Exercise 4: Calculating block averages demonstrated one way of sampling the mean's distribution (see Exercise 1: Calculating the average value of a CV). We assumed that the \(M\) estimates of the mean were all normal random variables in the previous section but we did not need to do that. We could instead have used a non-parametric method. When using such methods we have to generate more data, which we can either do by running longer simulations, which is expensive, or by bootstrapping, which is cheaper.

We can demonstrate how bootstrapping works in practice by using the following script, which works with the first 500 points in uncorrelated_data. As you can see, we first calculate the average from all the data points. We then take new means by repeatedly sampling sets of 500 points with replacement from the data and calculating new means.

import numpy as np
ddd = np.loadtxt("../data/uncorrelated_data")
data = ddd[0:500,1]
bootstraps = np.zeros(200)
for i in range(200) :
av = 0
for j in range(500) : av = av + data[np.random.randint(0,500)]
bootstraps[i] = av / 500
f = open("bootstraps", "w")
f.write("#! FIELDS time boot \n")
for i in range(0,200):
f.write(str(i) + " " + str(bootstraps[i) + "\n" )
f.close()

When you run the script above, it generates a file called bootstraps containing the averages that have been calculated by bootstrapping.
If you now calculate the variance from all your bootstrapped averages you should see that it close to the value you got from the expression below which was introduced in Exercise 4: Calculating block averages:

\[ \textrm{var}(\overline{X}) = \frac{\textrm{var}(X)}{N} \]
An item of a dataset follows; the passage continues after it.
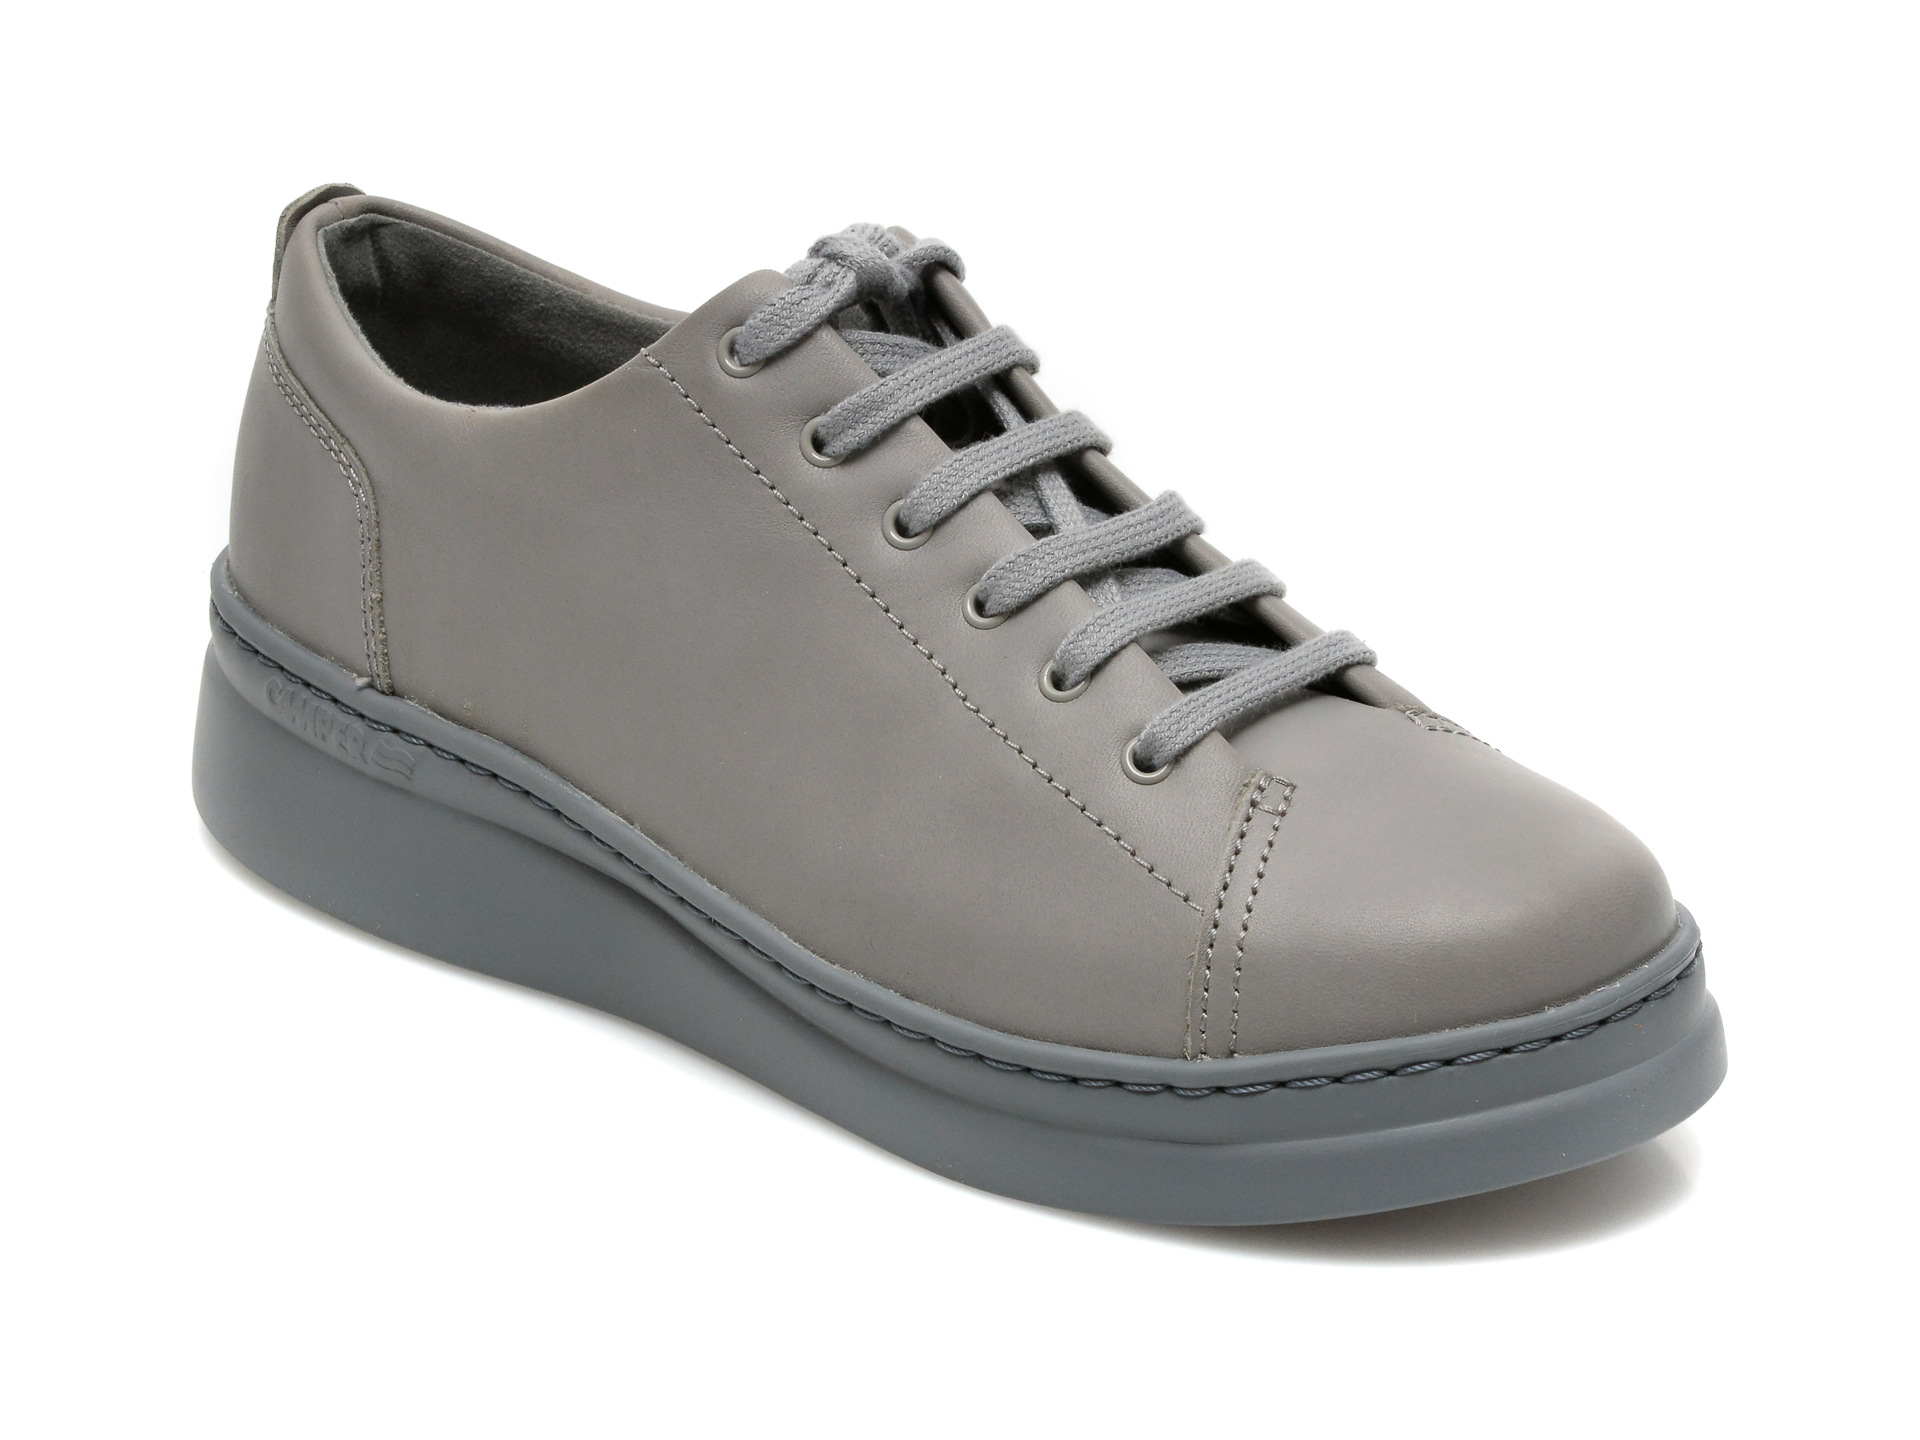 Pantofi CAMPER gri, K200645, din piele naturala Camper

To use this expression you can insert the value of \(\textrm{var}(X)\) you computed in Exercise 3: Calculating the fluctuations for a CV with \(N=500\).

You can also use bootstrapping to estimate the errors in the free energy surface. As an additional exercise, you can try to do this form of analysis on the data in uncorrelated_data You should get a result that is similar to the result you got in Exercise 5: Free energy from block averages

Exercise 7: Dealing with correlated data

In this exercise, you will review everything you have done in the previous two sections. You should:

  • Calculate block averages for the data in correlated_data. Calculate the error on the average of the block average.
  • Calculate bootstrap averages for the data in correlated_data. Calculate the error from the bootstrap averages.

You will see that the variance you obtain from the bootstrap averages is less than the variance you get by block averaging.

These variances are different because there are correlations between the data points in correlated_data. Such correlations were not present in the data set you have examined in all the exercises that appeared previously to this one. The reason this matters is that the expression:

\[ \textrm{var}(\overline{X}) = \frac{\textrm{var}(X)}{N} \]

is only valid if the random variables that \(\overline{X}\) is computed from are both identical and independent. This expression is thus not valid for correlated data. To be clear, however, we can still write:

\[ \mathbb{E}(\overline{X}) = \mathbb{E}(X) \]

as this expression holds as long as the random variables from which \(\overline{X}\) are identical. When we use this expression, the random variables only need to be independent and can be correlated.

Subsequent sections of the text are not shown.